The Bridge
How does a director make a documentary about suicide? Ignoring for a moment the potential ethical dilemmas embroiled in real-life coverage of people ending their own lives, how does one get that particular kind of candid footage? If you’re director Eric Steel, you just need to know where to go and how to hide the camera.
Steel directed the newly released documentary The Bridge, about people who commit suicide by jumping off the Golden Gate Bridge. The film was inspired by Tad Friend’s 2003 New Yorker article, which gave a rundown of the past and present of bridge-jumping. It was a popular article. I live near the Golden Gate, and in the Bay Area, at least, that article struck a nerve–I remember reading it at the time, and I’ve never heard of a single article so often referred to by so many different people over the years.

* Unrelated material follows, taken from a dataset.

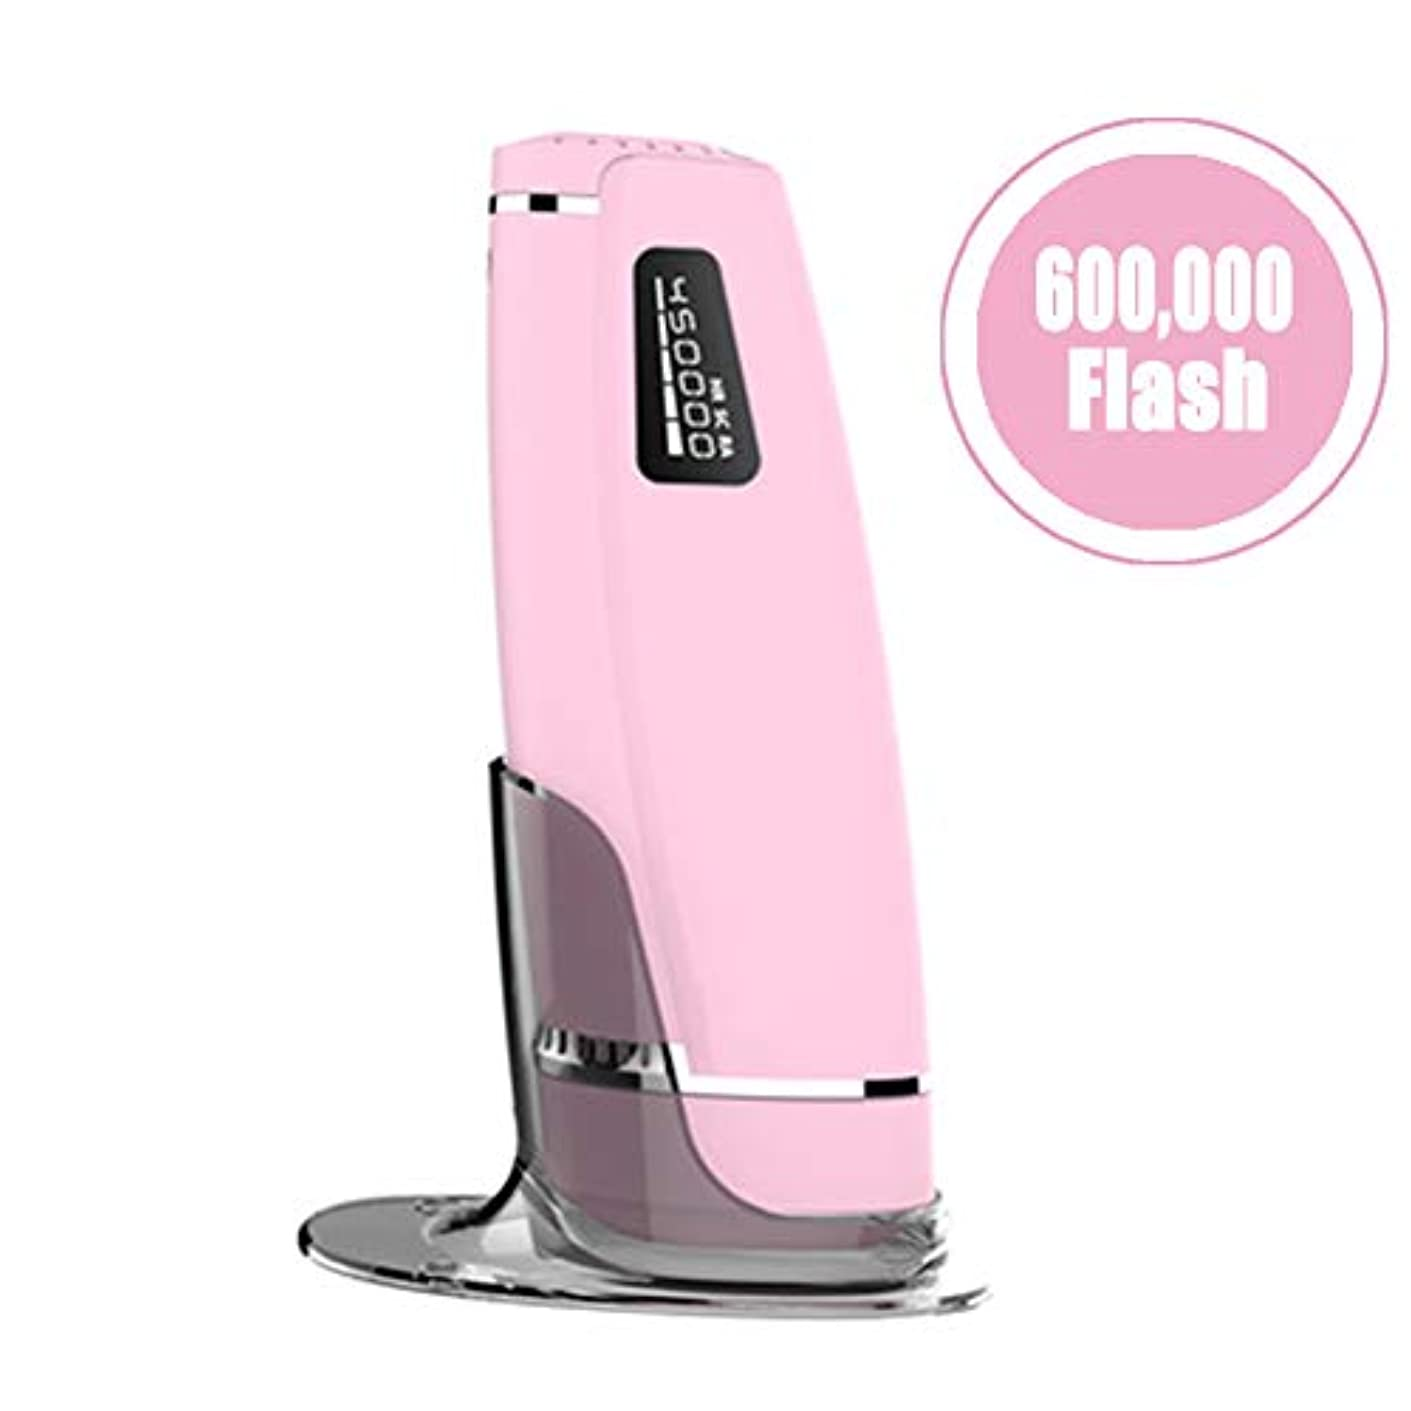 服を洗うディレクターきれいにアップグレードIPLレーザー脱毛システムデバイス、60万回のフラッシュ無痛常設パルス光脱毛器にとってボディフェイス脇の下ビキニライン,Pink

It seems that the Golden Gate Bridge itself strikes a nerve with people. It’s the number-one suicide spot in the United States–someone jumps off of it approximately every two weeks. In a way, it’s not hard to see why; walking or driving across, there’s the feeling of being on the very edge of the world. Standing on the ocean side–from which most people jump–there are the cliffs on either end of the bridge, and then water, and fog, and nothing else.

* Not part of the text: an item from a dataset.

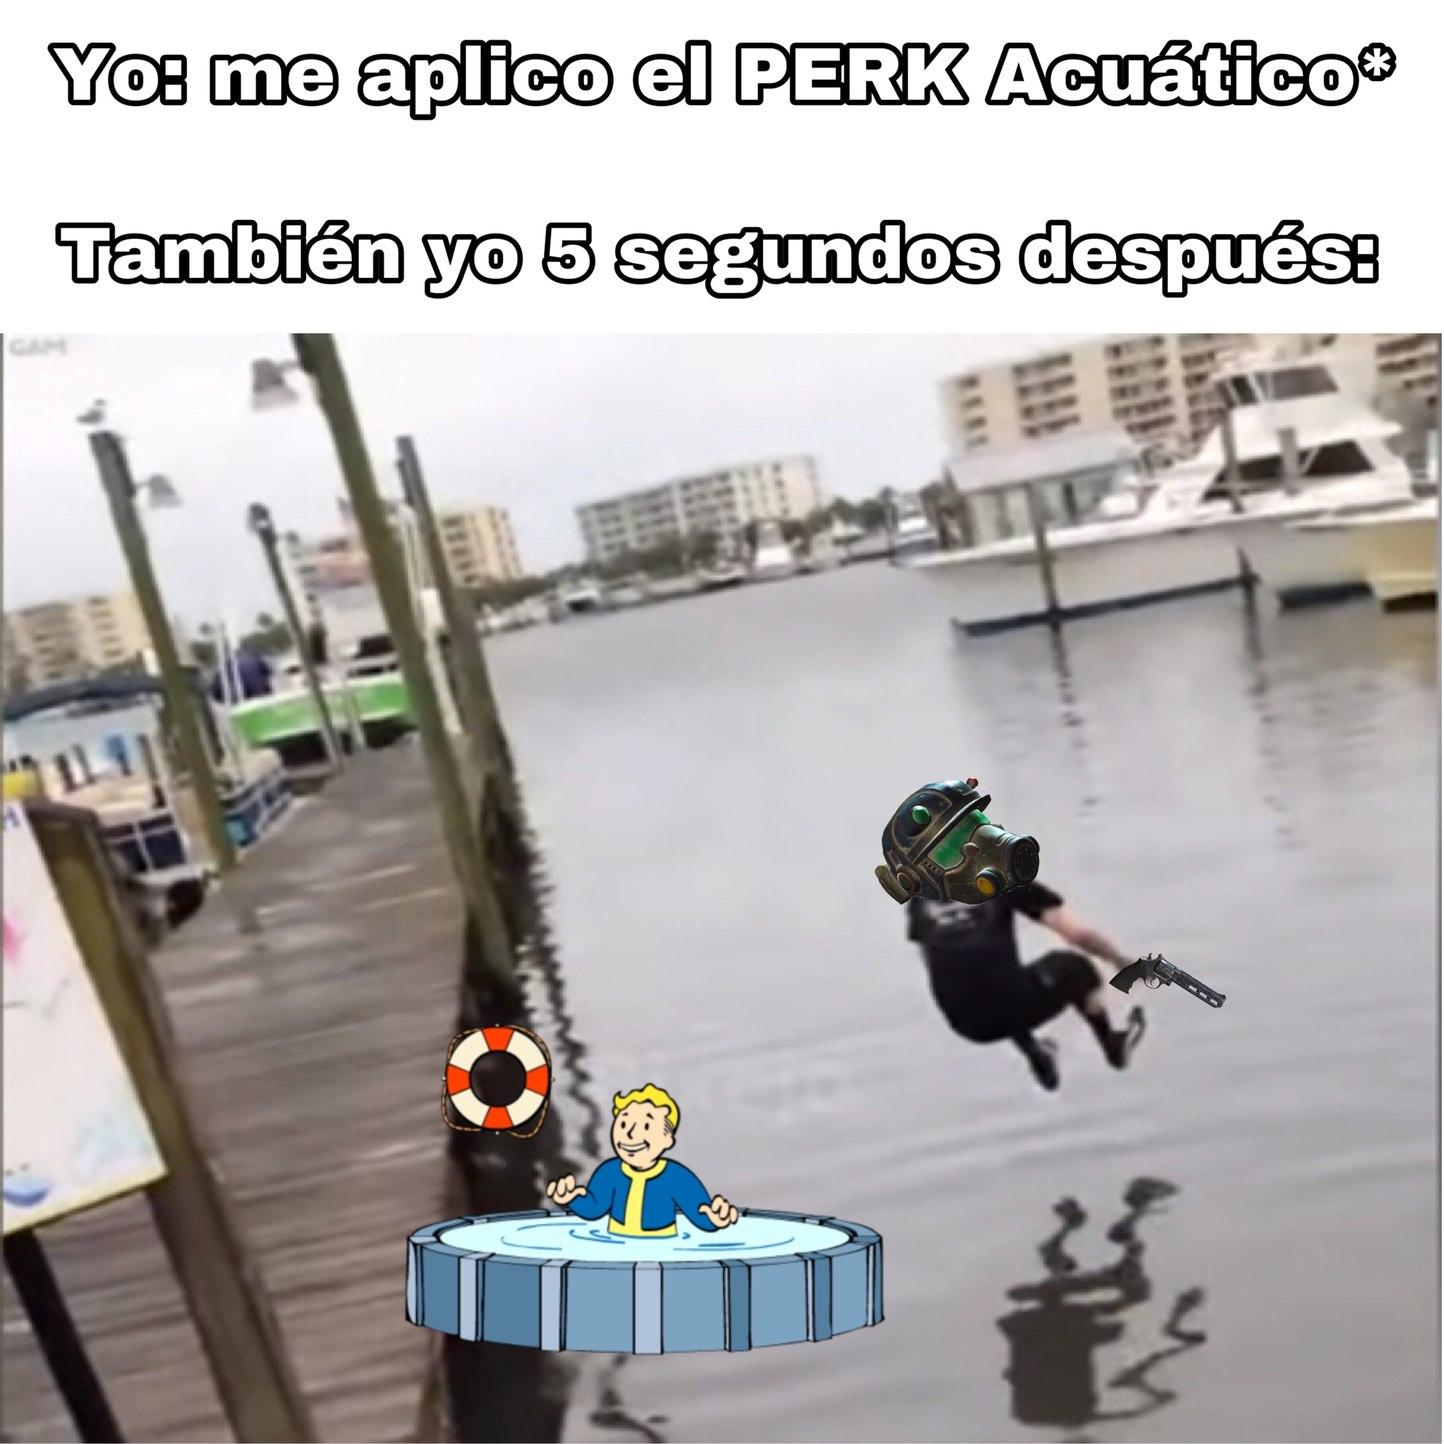 aunque muchos digan lo contrario, el perk acuático lo encuentro muy útil sobre todo para explorar y hacer ataques sigilosos, además de escapar si la pelea se vuelve imposible para mi - meme

In 2004, Steel and his crew attached hidden cameras to the bridge, then went away and just waited. Much of the film, it seems, is made up of interviews with the victims’ loved ones, with the people who last spoke with them, with the people who knew them best. There are copies of suicide notes and other mementoes of the people who jumped, and an interview with one man who jumped and survived. But the crux of the movie, what is most haunting and most disturbing about this film, is the footage taken by the hidden cameras–nearly all of the twenty-four people who jumped in 2004 did so on film.
I haven’t seen The Bridge, and I don’t know that I will, not because it’s not a good movie, but because it seems like such an intrusion. Maybe some of the people caught on camera needed an intrusion, and maybe not. But it’s the experience of essentially being present–even two years later–for another human’s death that makes this movie dicey and understandably difficult to watch. I’m not saying Steel was wrong to make the movie or even to install the cameras; I’m just saying I don’t know that I can watch it.

November 5th, 2006 at 8:14 pm
You’re right. This movie sounds fascinating to me, so much so that I almost want to see it. And yet, it’s so morbid. I think I would feel wrong watching someone else’s death.